Kingdoms of Kalamar Campaign Setting; a sourcebook with D&D licensed logo

In the late 1990s, as Wizards of the Coast (WotC) developed a Dungeons & Dragons 3rd edition, Kenzer & Co. negotiated with them to produce a licensed version that would use the new rules. On November 1, 2000, WotC announced via press release that Kingdoms of Kalamar, produced by Kenzer & Company, would become an official Dungeons & Dragons world using the Third Edition rules.

The Sourcebook of the Sovereign Lands and the Mythos of the Divine and Worldly were combined, and nearly 100,000 words of new material were added to create a hardcover book retitled Kingdoms of Kalamar Campaign Setting Sourcebook that was published in 2001. Shannon Appelcline noted that this campaign setting was the first Third Edition licensed product to market, even beating out WotC's own Forgotten Realms campaign setting. Appelcline also noted that, due to its "first to market" position, "the new Kalamar line did much better than its first incarnation." Kenzer & Company subsequently released 30 licensed products to support it.

This edition was nominated for the Origins Award for Best Roleplaying Game.

In 2005, the last Kalamar products were released as hardcover books sporting the D&D logo. Subsequent products were released by Kenzer & Company as PDFs with no D&D logo.

On July 11, 2007, Kenzer & Company announced that their license with WotC would expire in August of that year.

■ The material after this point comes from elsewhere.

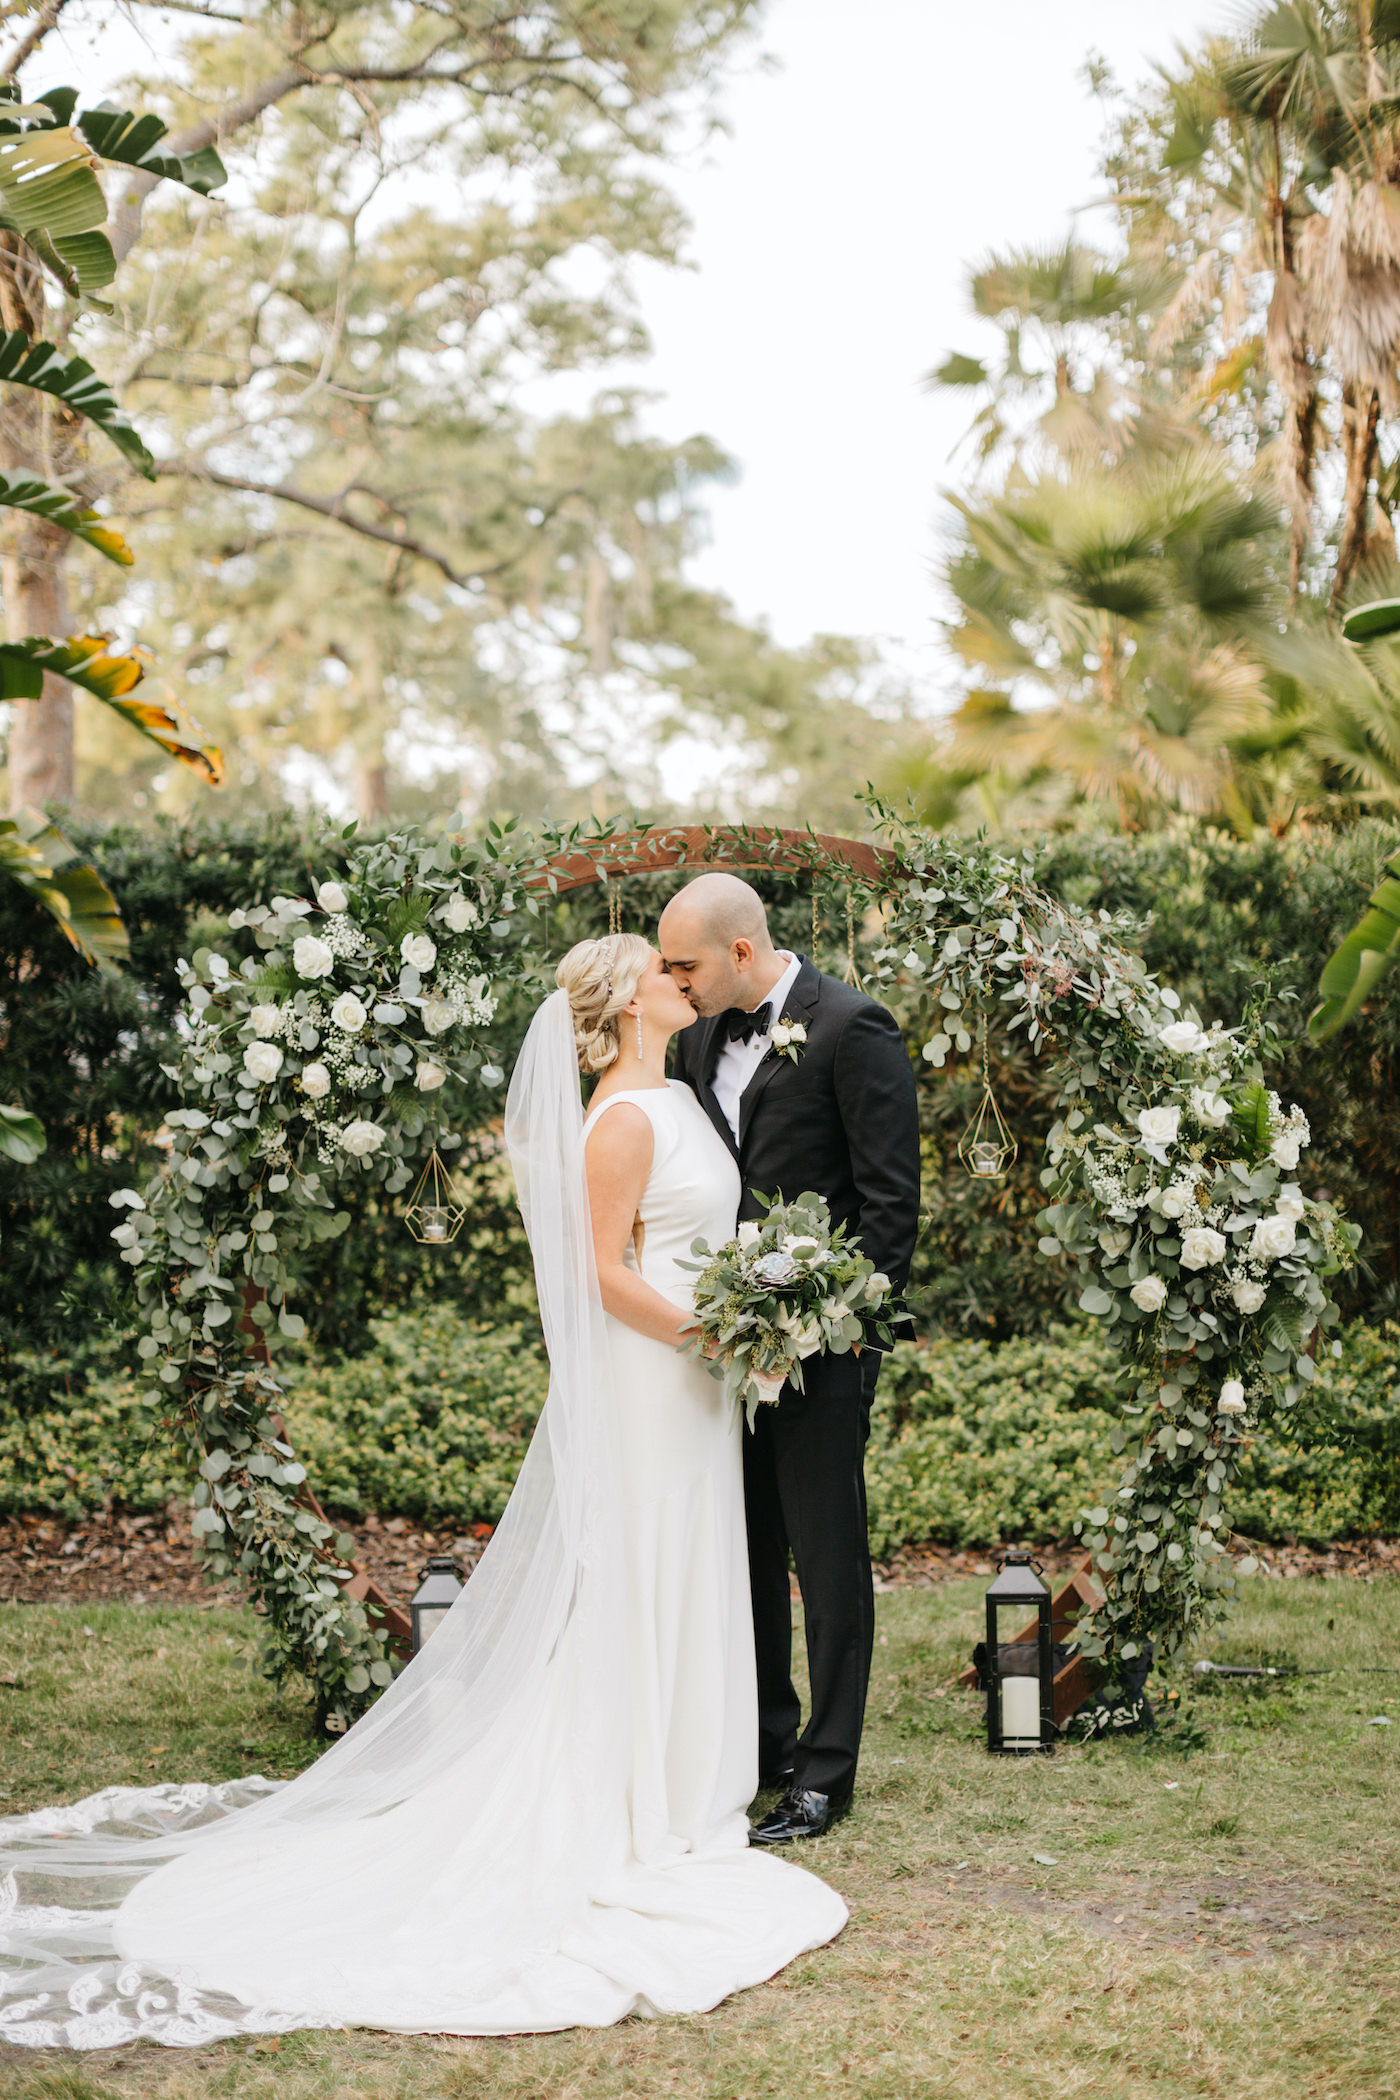 Bride and Groom Outdoor Portrait | Simple Sheath Ivory Crepe Bateau Neck Bridal Gown by Theia | Groom in Classic Black Tux Suit with Bow Tie | Natural Loose Greenery Bridal Bouquet with Eucalyptus and Succulents and White Roses | Boho Chic Outdoor Tampa Wedding Ceremony | Round Wood Moon Arch Ceremony Backdrop with Suspended Geometric Candles and Eucalyptus Greenery Garland with White Rose Floral Arrangements

====Reception to D&D 3 edition====
In Issue 31 of the French games magazine Backstab, Michaël Croitoriu compared this edition to watching Ingmar Bergman's The Seventh Seal, saying, "After half an hour, you're sound asleep. In fact, it took me no less than ten days to digest this game world." Croitoriu blamed this on the strategy of simply reprinting all of the old material from the 1st edition and adding some new material rather than starting from scratch and rewriting the entire setting. Croitoriu also was not impressed with the interior art, calling it "worthy of an eight-year-old child." He also noted that there were no new races, character classes, or significant new rules in this edition. Croitoriu recommended that any other rival campaign setting for the Third Edition would be a better alternative to this product.

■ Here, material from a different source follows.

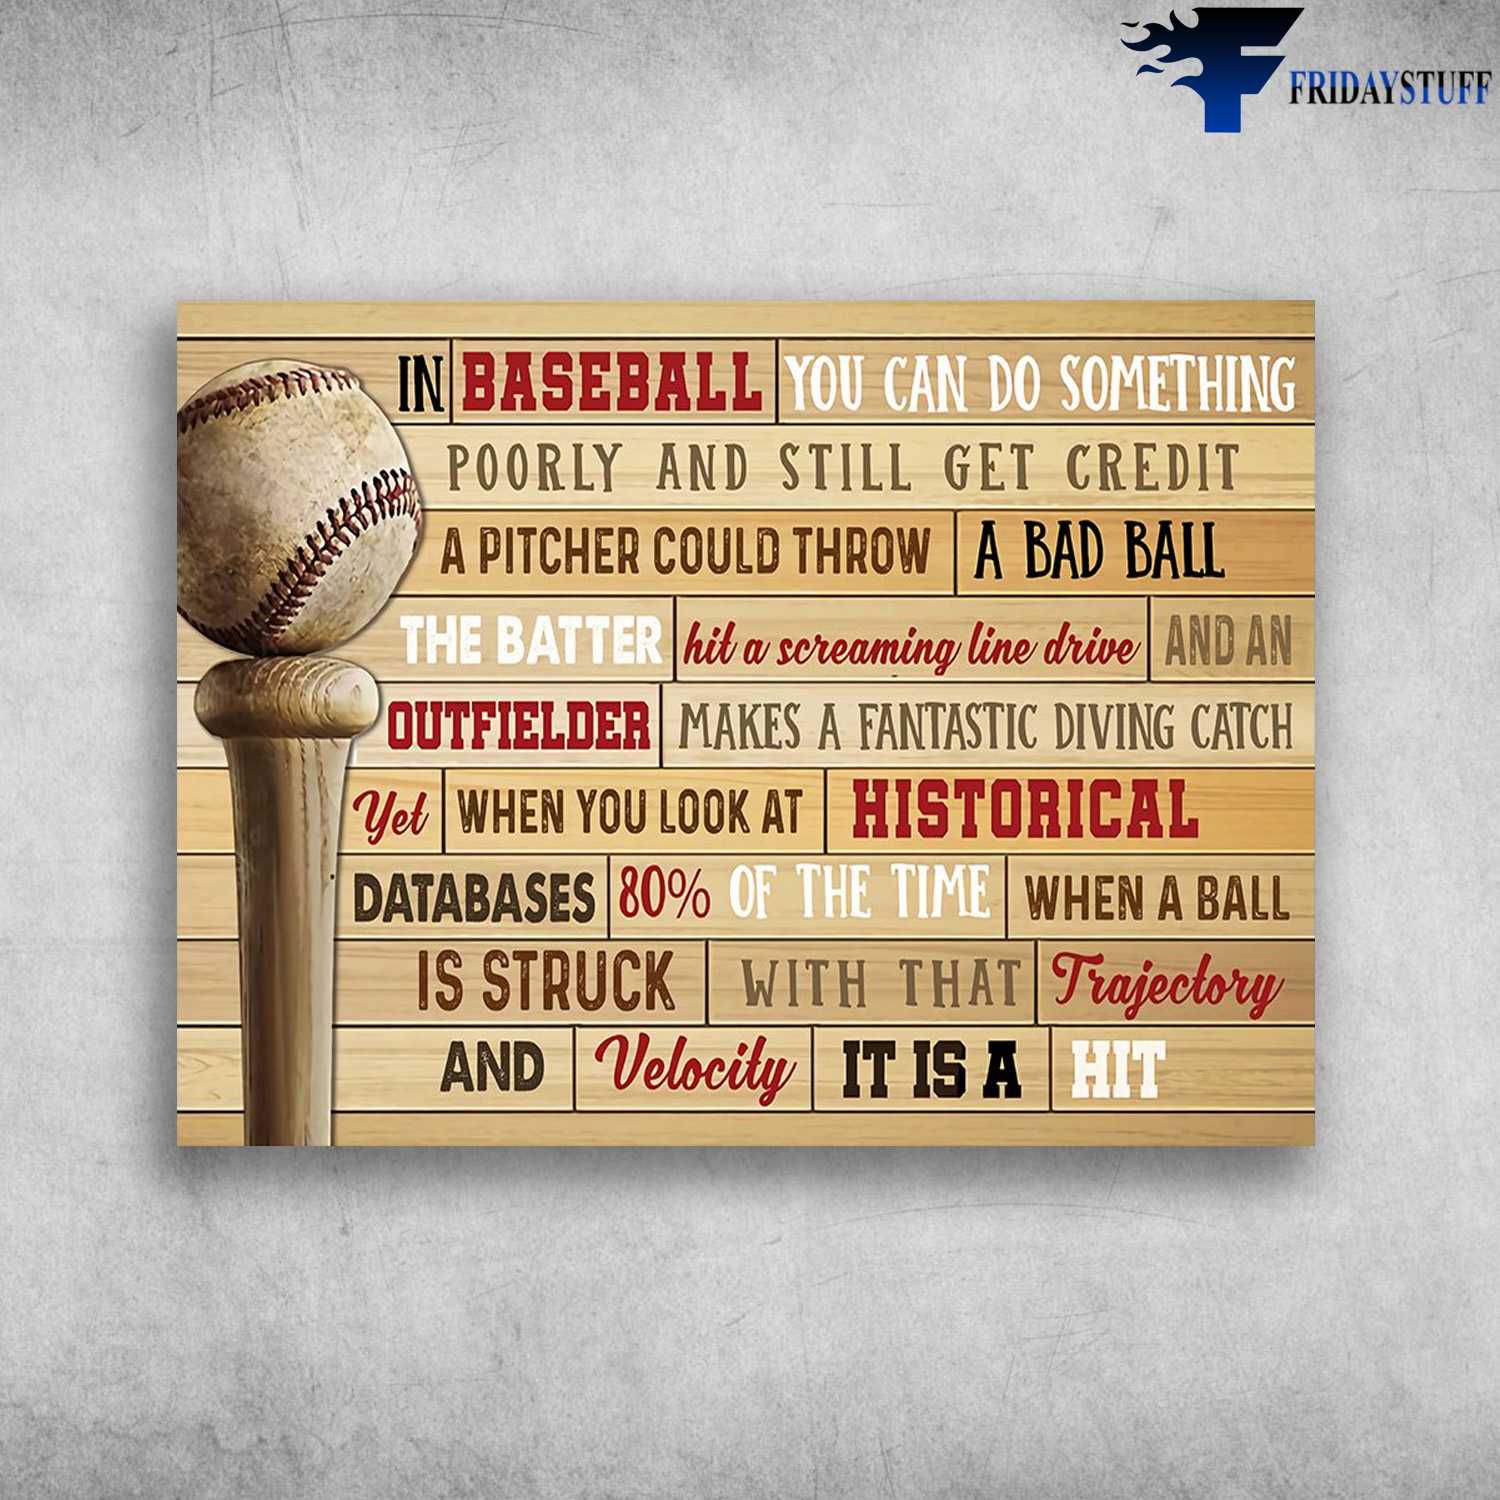 Baseball Canvas - In Baseball, You Cando Something, Poorly And Still Get Credit, A Pitcher Could Throw And Bad Ball, The Batter, Hit A Screaming Line Drive, And An Putfielder

Pyramid found that while the original edition of The Kingdoms of Kalamar originally had numerous game stats relating to 2nd edition Dungeons & Dragons, once the Kingdoms were made an official Dungeons & Dragons setting in third edition, it had very few D&D specific references.

=== Hackmaster ===
In 2006, Kenzer & Company announced that Kingdoms of Kalamar would be the official setting of the second version of their HackMaster roleplaying game.

=== Dungeons and Dragons 4th edition ===
In 2008, WotC released Dungeons & Dragons 4th edition. In the summer of 2008, Kenzer & Company released a compilation of the Campaign Setting and Atlas as a new PDF updated to Fourth Edition rules.

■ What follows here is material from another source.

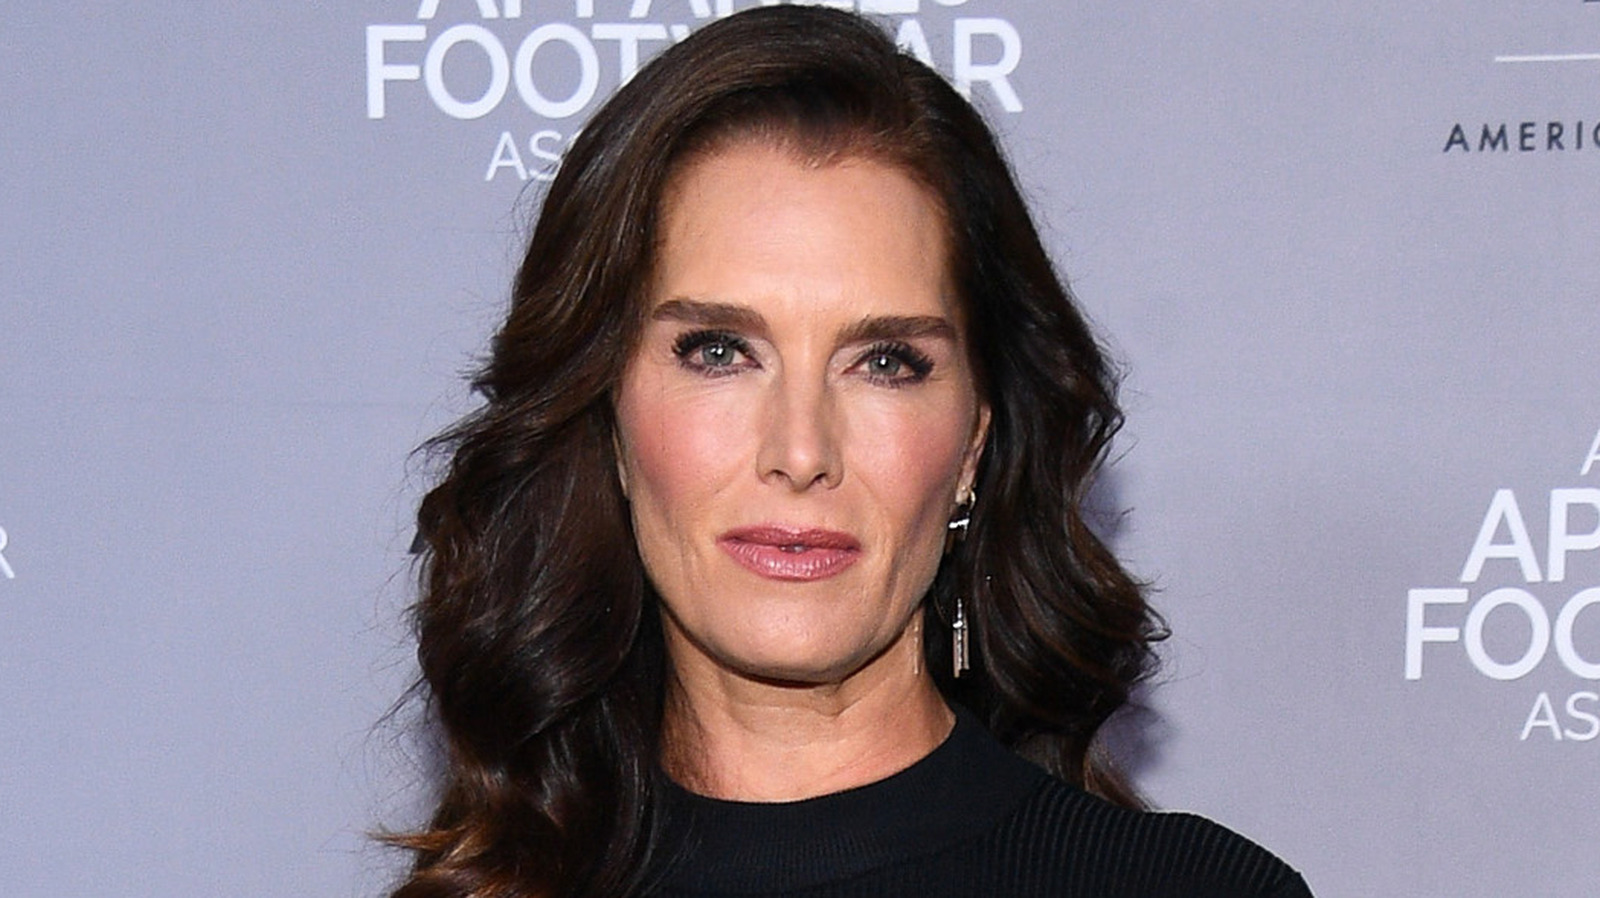 The Biggest Things Brooke Shields Has Revealed Through The Years

This release was not published under the terms of WotC's Game System License (GSL), becoming the first third-party publication to do so. Company president David Kenzer, a lawyer specializing in Intellectual Property, posted on the internet, "Copyright infringement is basing your work on someone else's creative expression. Rules are not creative expression. Also, it is not ‘based’ on their rules. It happens to 'work with' their rules."

Like many products created by various publishers using Fourth Edition rules, this edition of Kalamar was unsuccessful, and Kenzer and Company did not produce any supplements.